GOAL OF THE EXERCISE:
Below is a listing to copy exactly; no image goes into the copy.

RECORDED INFORMATION:
◇ ◇ ◇

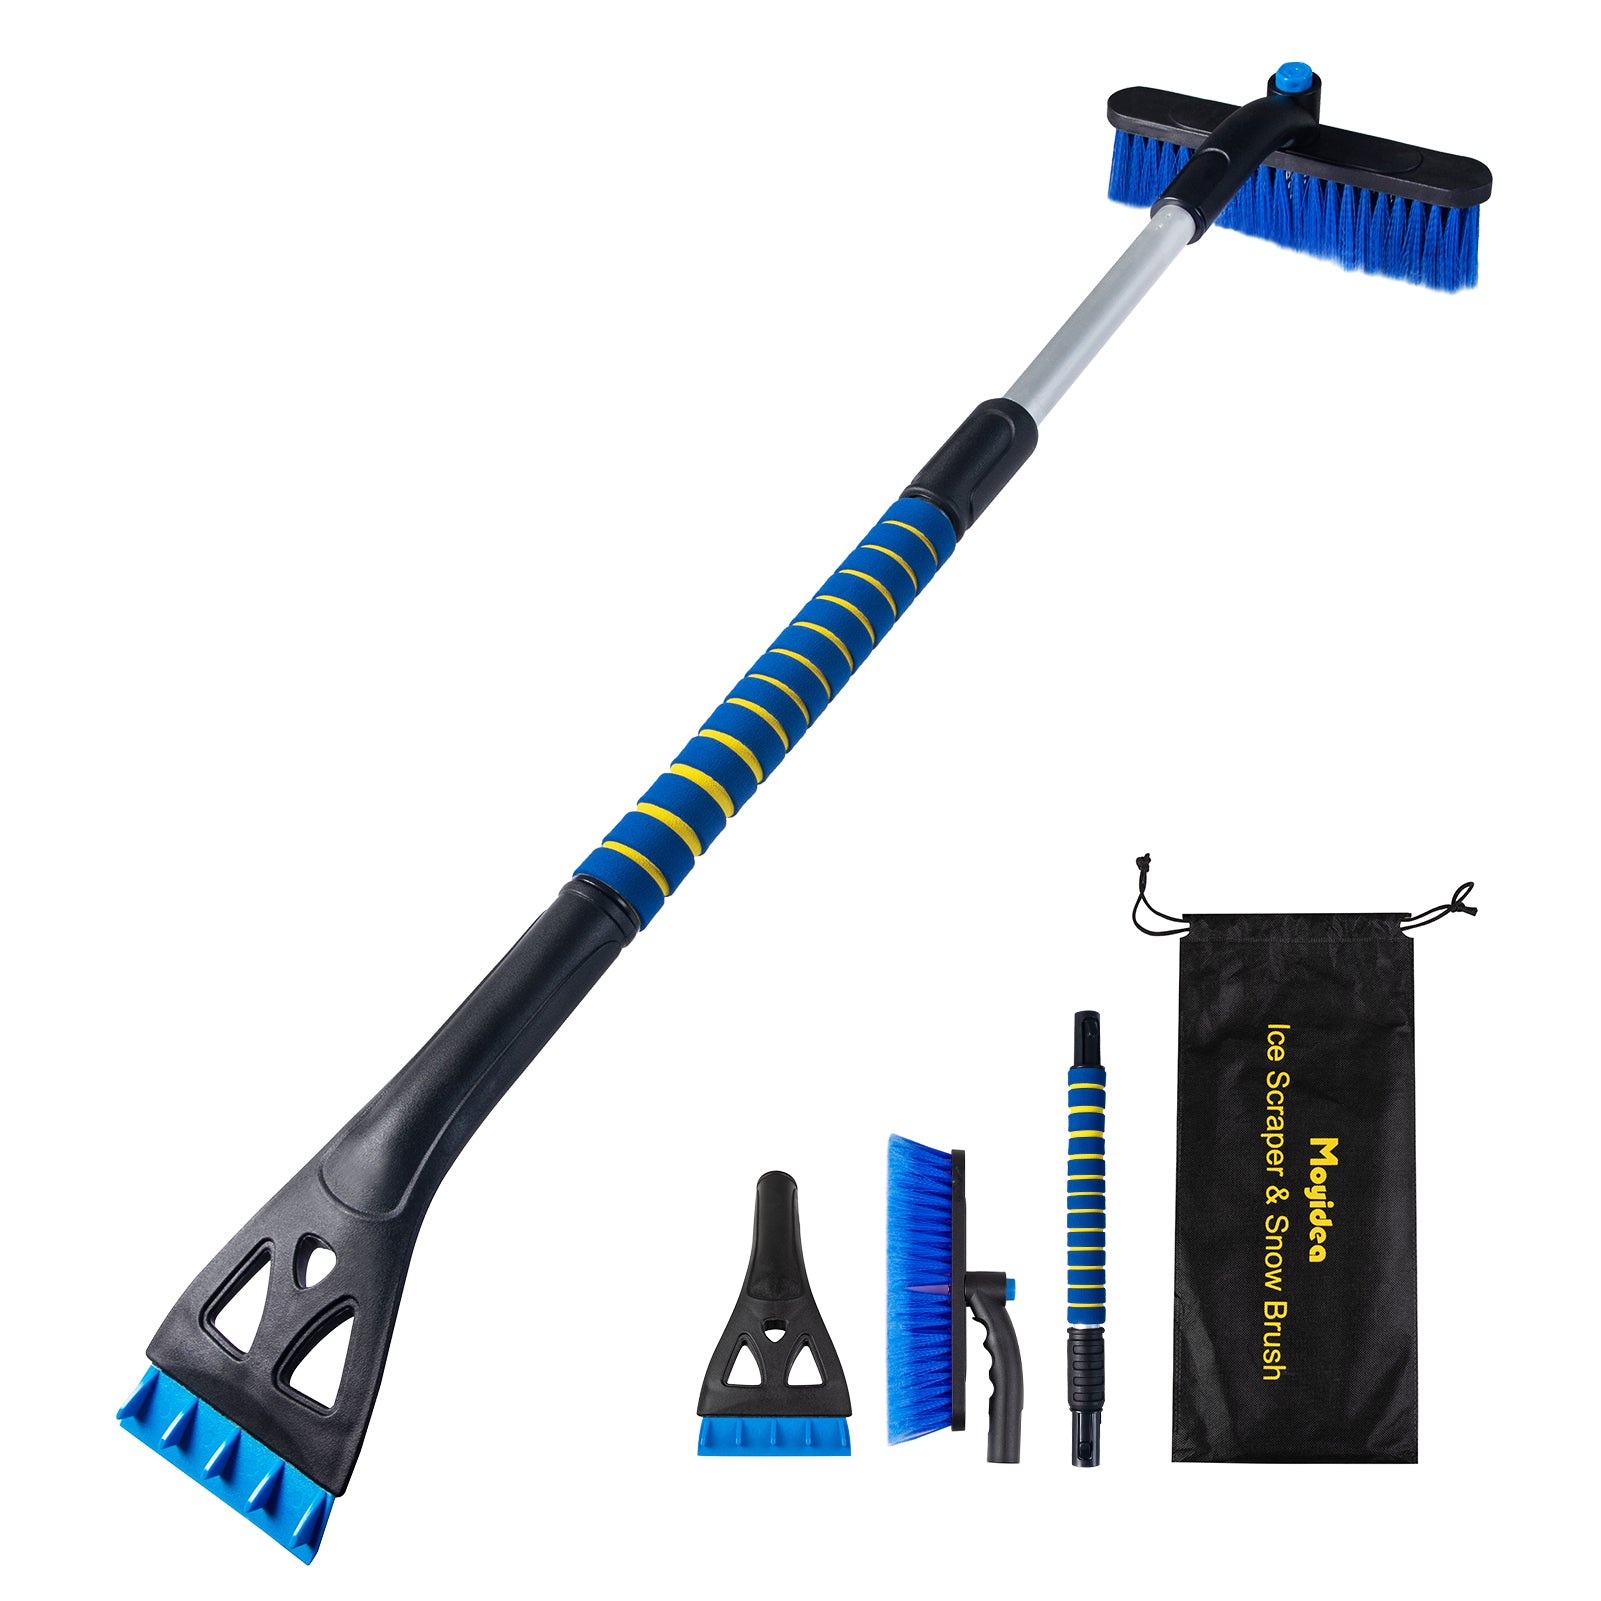 36" Extendable Ice Scraper Snow Brush Detachable Snow Removal Tool with Ergonomic Foam Grip for Car SUV Truck (Blue)
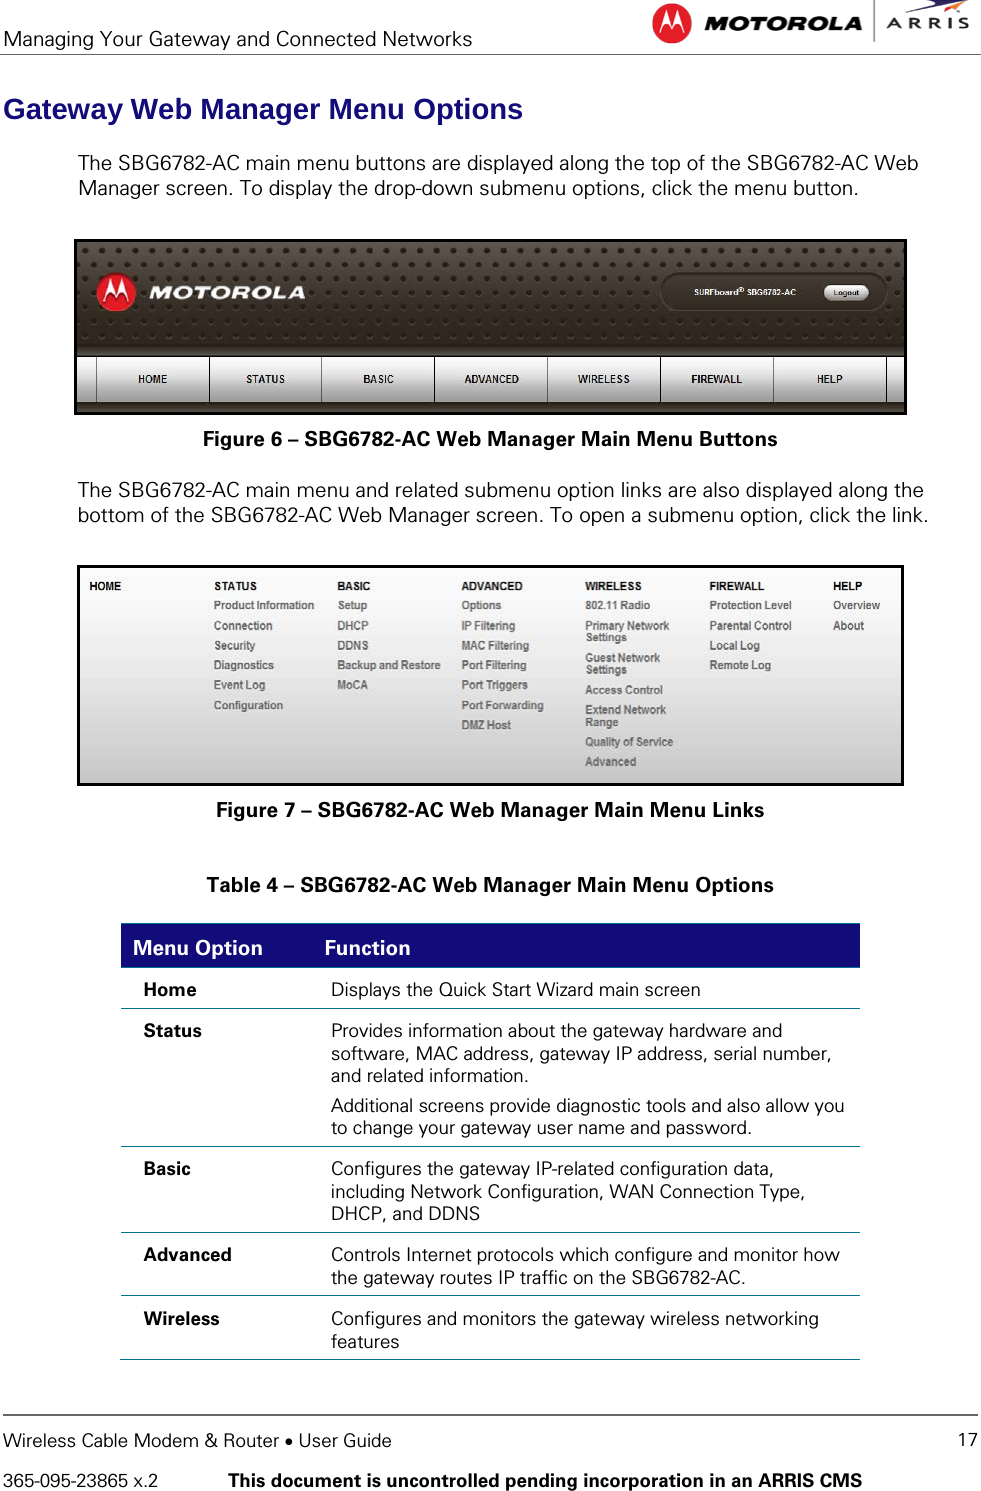 Managing Your Gateway and Connected Networks   Wireless Cable Modem &amp; Router • User Guide 17 365-095-23865 x.2   This document is uncontrolled pending incorporation in an ARRIS CMS  Gateway Web Manager Menu Options The SBG6782-AC main menu buttons are displayed along the top of the SBG6782-AC Web Manager screen. To display the drop-down submenu options, click the menu button.  Figure 6 – SBG6782-AC Web Manager Main Menu Buttons The SBG6782-AC main menu and related submenu option links are also displayed along the bottom of the SBG6782-AC Web Manager screen. To open a submenu option, click the link.  Figure 7 – SBG6782-AC Web Manager Main Menu Links  Table 4 – SBG6782-AC Web Manager Main Menu Options Menu Option Function Home Displays the Quick Start Wizard main screen Status Provides information about the gateway hardware and software, MAC address, gateway IP address, serial number, and related information. Additional screens provide diagnostic tools and also allow you to change your gateway user name and password. Basic  Configures the gateway IP-related configuration data, including Network Configuration, WAN Connection Type, DHCP, and DDNS  Advanced Controls Internet protocols which configure and monitor how the gateway routes IP traffic on the SBG6782-AC. Wireless Configures and monitors the gateway wireless networking features 
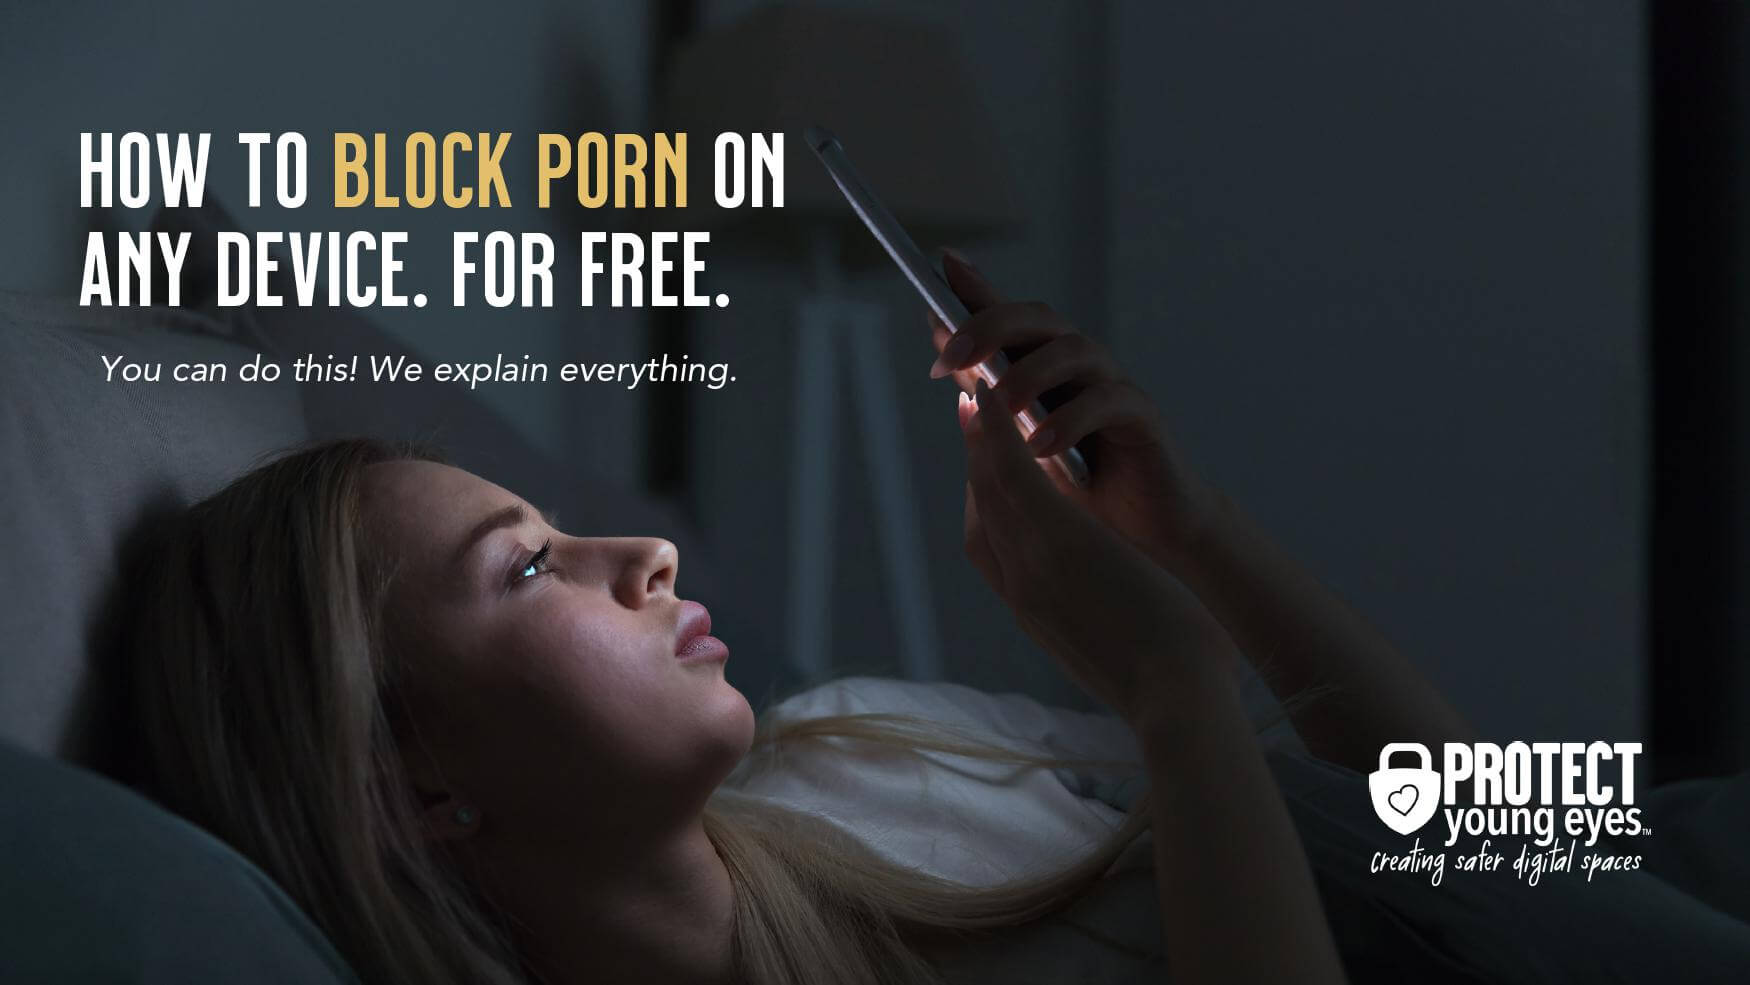 Big Block In Coc In Has - How to Block Porn on Any Device. For Free. - Protect Young Eyes

◇ ◇ ◇

EXERCISE OUTPUT:
 36" Extendable Ice Scraper Snow Brush Detachable Snow Removal Tool with Ergonomic Foam Grip for Car SUV Truck (Blue)
 Managing Your Gateway and Connected Networks   Wireless Cable Modem &amp; Router • User Guide 17 365-095-23865 x.2   This document is uncontrolled pending incorporation in an ARRIS CMS  Gateway Web Manager Menu Options The SBG6782-AC main menu buttons are displayed along the top of the SBG6782-AC Web Manager screen. To display the drop-down submenu options, click the menu button.  Figure 6 – SBG6782-AC Web Manager Main Menu Buttons The SBG6782-AC main menu and related submenu option links are also displayed along the bottom of the SBG6782-AC Web Manager screen. To open a submenu option, click the link.  Figure 7 – SBG6782-AC Web Manager Main Menu Links  Table 4 – SBG6782-AC Web Manager Main Menu Options Menu Option Function Home Displays the Quick Start Wizard main screen Status Provides information about the gateway hardware and software, MAC address, gateway IP address, serial number, and related information. Additional screens provide diagnostic tools and also allow you to change your gateway user name and password. Basic  Configures the gateway IP-related configuration data, including Network Configuration, WAN Connection Type, DHCP, and DDNS  Advanced Controls Internet protocols which configure and monitor how the gateway routes IP traffic on the SBG6782-AC. Wireless Configures and monitors the gateway wireless networking features 
 Big Block In Coc In Has - How to Block Porn on Any Device. For Free. - Protect Young Eyes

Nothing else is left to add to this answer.